Among the embodiment 13, the same with embodiment 12, make the groove of the resistance heater identical, and adjusted the ceramic heater of spacing of the most peripheral of the coil of being buried underground with the data No.405 of embodiment 12.

Afterwards, be arranged in the vacuum tank, be warmed up to 600 ℃ from 20 ℃ with 20 ℃/minute speed.Temperature difference in the face of putting section when measuring in the temperature-rise period of this moment 500 ℃ transition by thermoviewer.The result is as shown in table 13.

[table 13]

Test portion No.	The spacing of the resistance heater except that most peripheral (mm)	The spacing of most peripheral resistance heater (mm)	Temperature difference in the face of putting section during 500 ℃ transition (℃)
				411	4.8	3.4	13
412	4.8	3.7	14
				413	4.8	4.1	16
414	4.8	4.4	18
				415	4.8	4.7	21
416	4.8	4.8	34

The spacing that is the coiled type resistance heater of the most peripheral that concentric circles is provided with than closely spaced test portion No.411～415 of its inboard resistance heater, puts that temperature difference is below 21 ℃ in the face of section, has demonstrated outstanding characteristic.

[embodiment 14]

Among the embodiment 14,, make the tabular ceramic body of the coil-span that has changed resistance heater by the method identical with embodiment 12.As shown in figure 13, produce the ceramic heater that the tubular holding components is arranged in the opposition side diffusion-bonded of putting section.Afterwards, be arranged in the vacuum tank, in putting section, make wafer, the same with embodiment 13, measured the temperature difference when putting the crossing of section.The result is as shown in table 14.

[table 14]

Test portion No.	Be positioned at the spacing (mm) of helical coil of the inboard of holding components	Be positioned at the spacing (mm) of helical coil in the outside of holding components	The spacing of most peripheral resistance heater (mm)	Temperature difference in the face of putting section during 500 ℃ transition (℃)
					431	1.9	4.8	3.8	15
432	2.2	4.8	3.8	14
					433	2.9	4.8	3.8	15
434	3.3	4.8	3.8	16
					435	4.1	4.8	3.8	17
436	4.8	4.8	3.8	23

Engage the holding components that tubular is arranged in the opposing party's interarea of tabular ceramic body 402, the coil-span of the resistance heater of these tubular holding components 418 inboards, little test portion No.431～435 of coil-span than the resistance heater in these tubular holding components 8 outsides, temperature difference is below 17 ℃ in the face of putting section when 500 ℃ transition, and is very outstanding.

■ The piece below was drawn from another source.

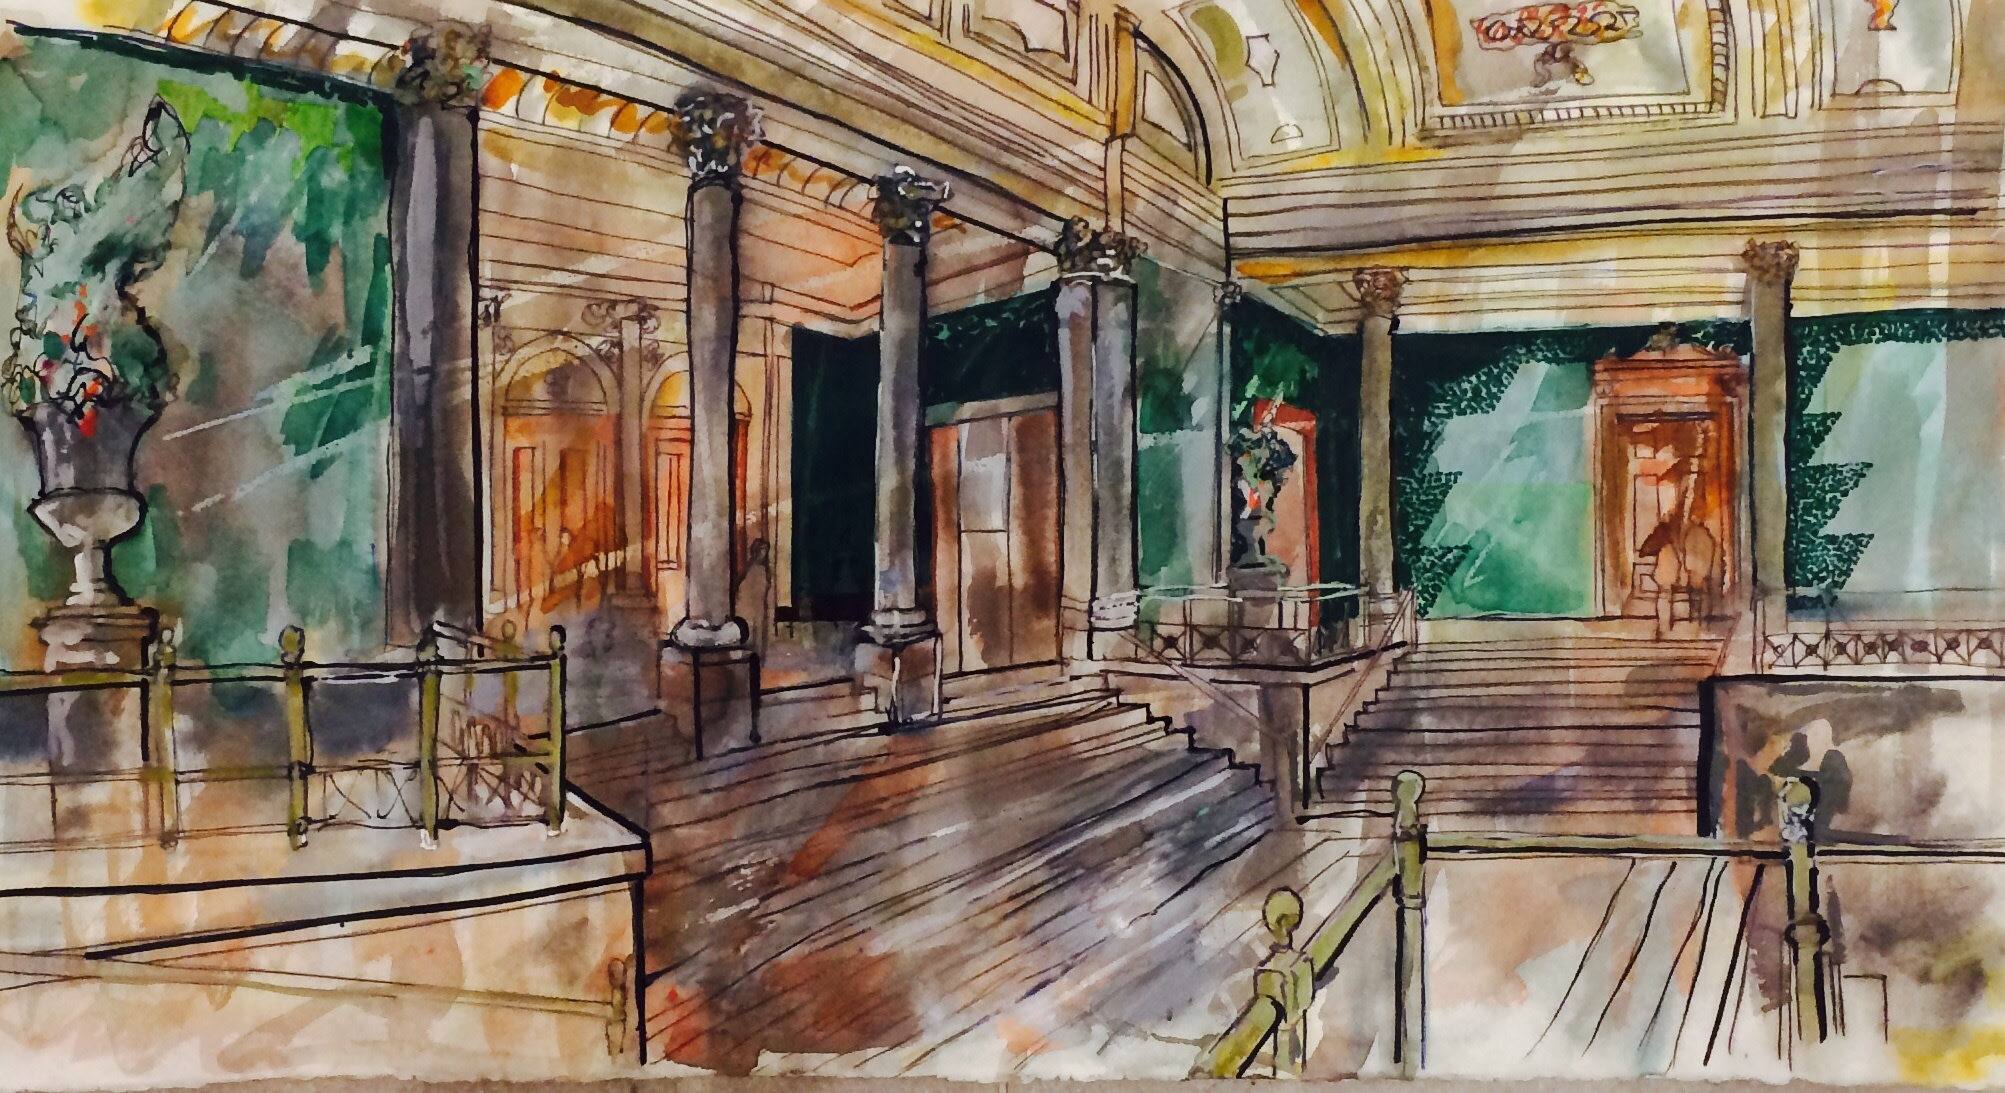 <span class=&#34;link fancybox-details-link&#34;><a href=&#34;/exhibitions/24/works/artworks_standalone10779/&#34;>View Detail Page</a></span><div class=&#34;artist&#34;><span class=&#34;artist&#34;><strong>Thomas Plunkett</strong></span></div><div class=&#34;title&#34;><em>National Gallery Interior</em></div><div class=&#34;medium&#34;>watercolour & ink</div><div class=&#34;dimensions&#34;>89x55cm</div>

In addition, the coil-span of the resistance heater of tubular holding components 418 inboards, with the identical test portion No.436 of coil-span of the resistance heater in these tubular holding components 418 outsides, temperature difference is 23 ℃ in the face of putting section when 500 ℃ transition, and some is big slightly.Can learn from this result, engage the ceramic heater that the tubular holding components is arranged in the tabular ceramic body, some is big slightly to put in the face of section temperature difference.

[embodiment 15]

Among the embodiment 15, the same with embodiment 13, produce the shape of burying underground that has changed resistance heater 405, and engage the ceramic heater 401 that tubular holding components 8 is arranged.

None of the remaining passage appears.